In education in Ireland, a voluntary secondary school (or privately-owned secondary school; scoil dheonach) is a post-primary school that is privately owned and managed, while being partly government-funded. Most are denominational schools, and the managers are often Catholic Church authorities, especially in the case of Catholic schools. Like national schools at primary level, voluntary secondary schools are supported by the Department of Education, on a per capita basis. Approximately 90% of teachers' salaries are met by the state. Some schools charge tuition fees, while many others request top-up funding or voluntary fee contributions from parents. The local community may also be involved in fund raising.

Until 1966, all post-primary schools were voluntary secondary schools except for vocational schools run by Vocational Education Committees. The raising of the school leaving age by Donogh O'Malley triggered the creation of publicly managed community and comprehensive schools. Some smaller secondary schools subsequently merged with each other or with the public schools. Voluntary secondary schools still form the largest part of the post-primary school system and are attended by about 60% of post-primary education students.
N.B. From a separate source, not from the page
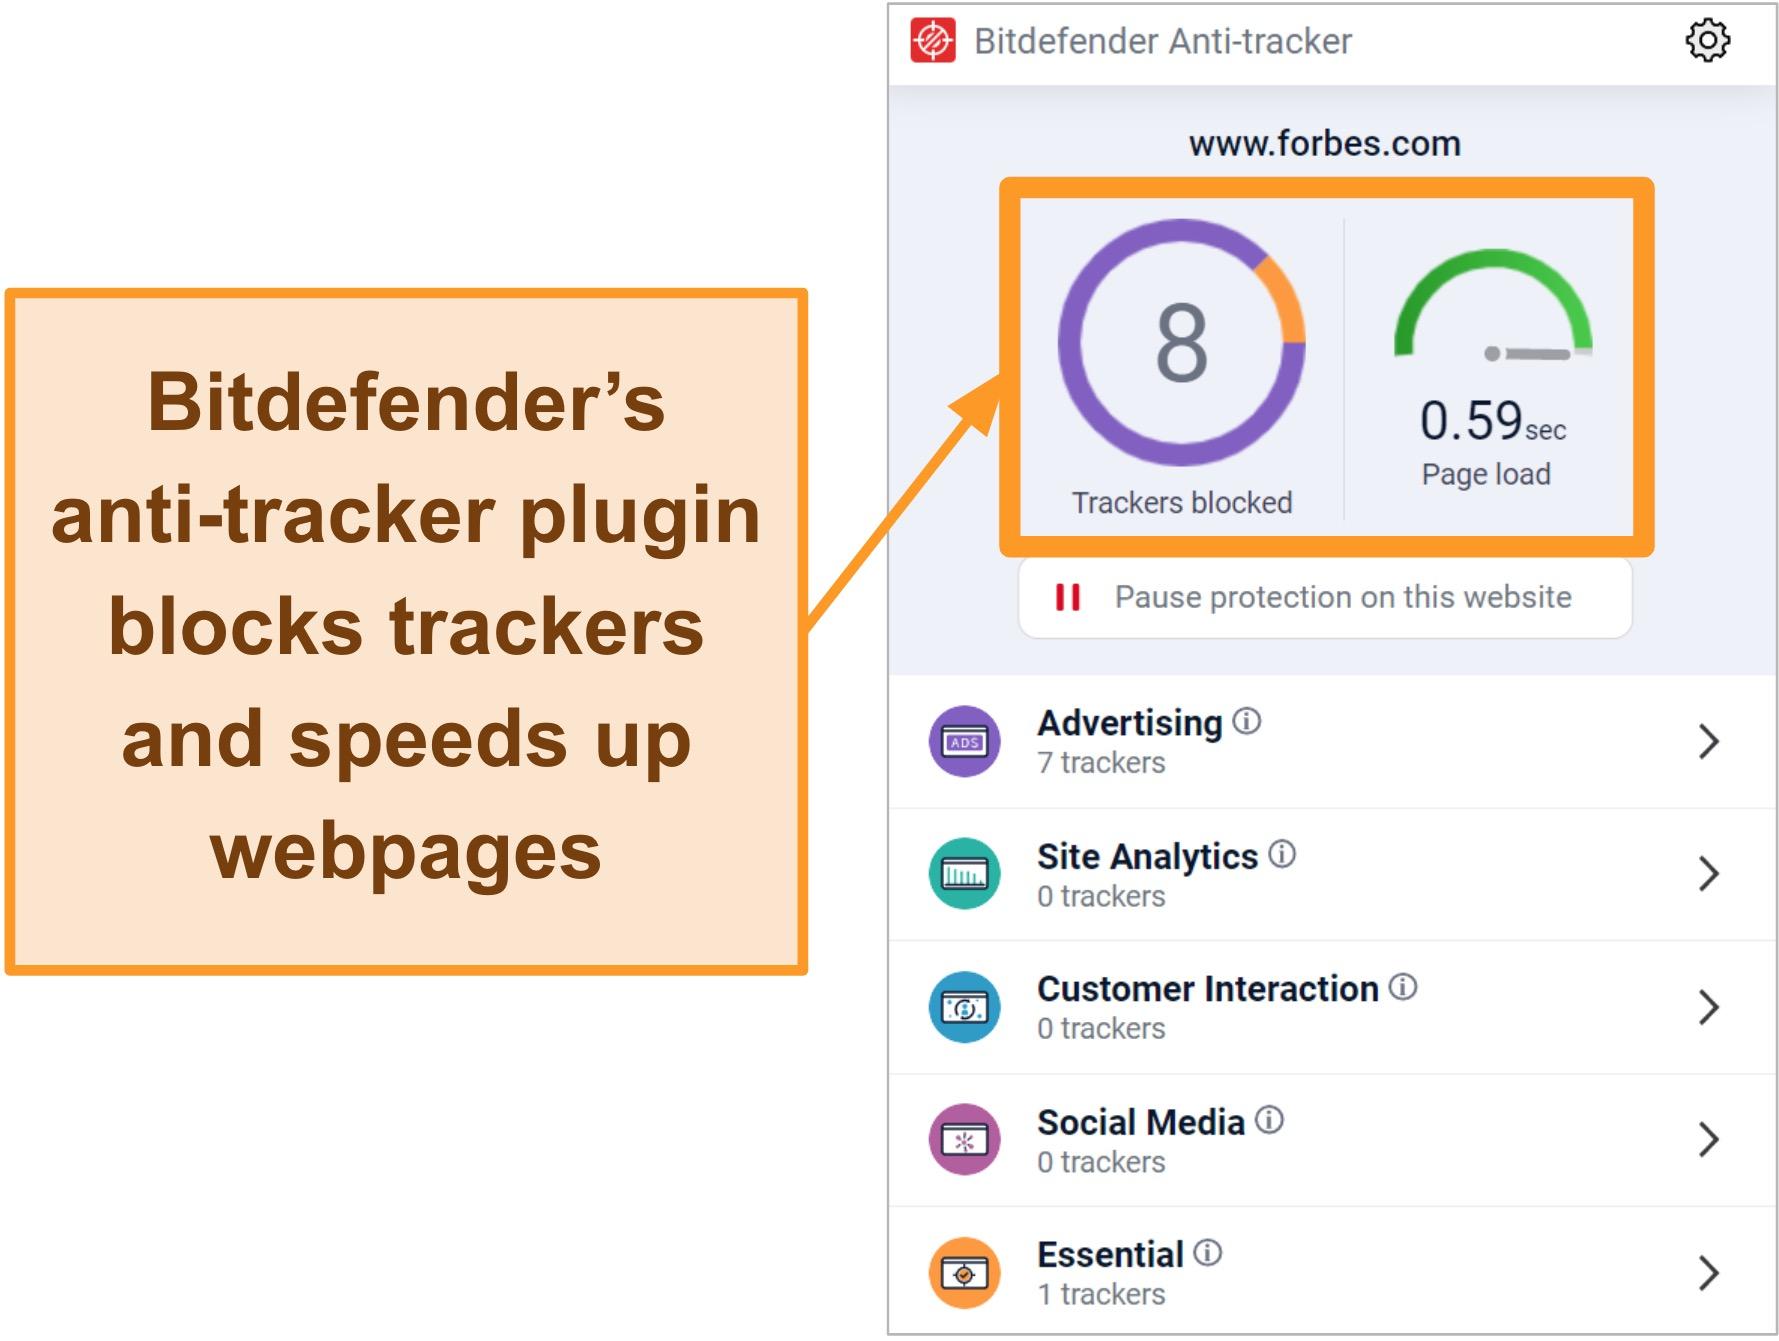 Screenshot of Bitdefender's anti-tracker browser plugin

The schools are generally managed by a Board of Management or less often a patron or religious institute. A school principal is in general control of everyday business. Some voluntary secondary schools are boarding schools, this is particularly so in the case of Protestant, many of which are Church of Ireland, as students cannot commute daily to such schools which are often located only in a few provincial towns. These schools generally receive additional grants to the normal per capita grant.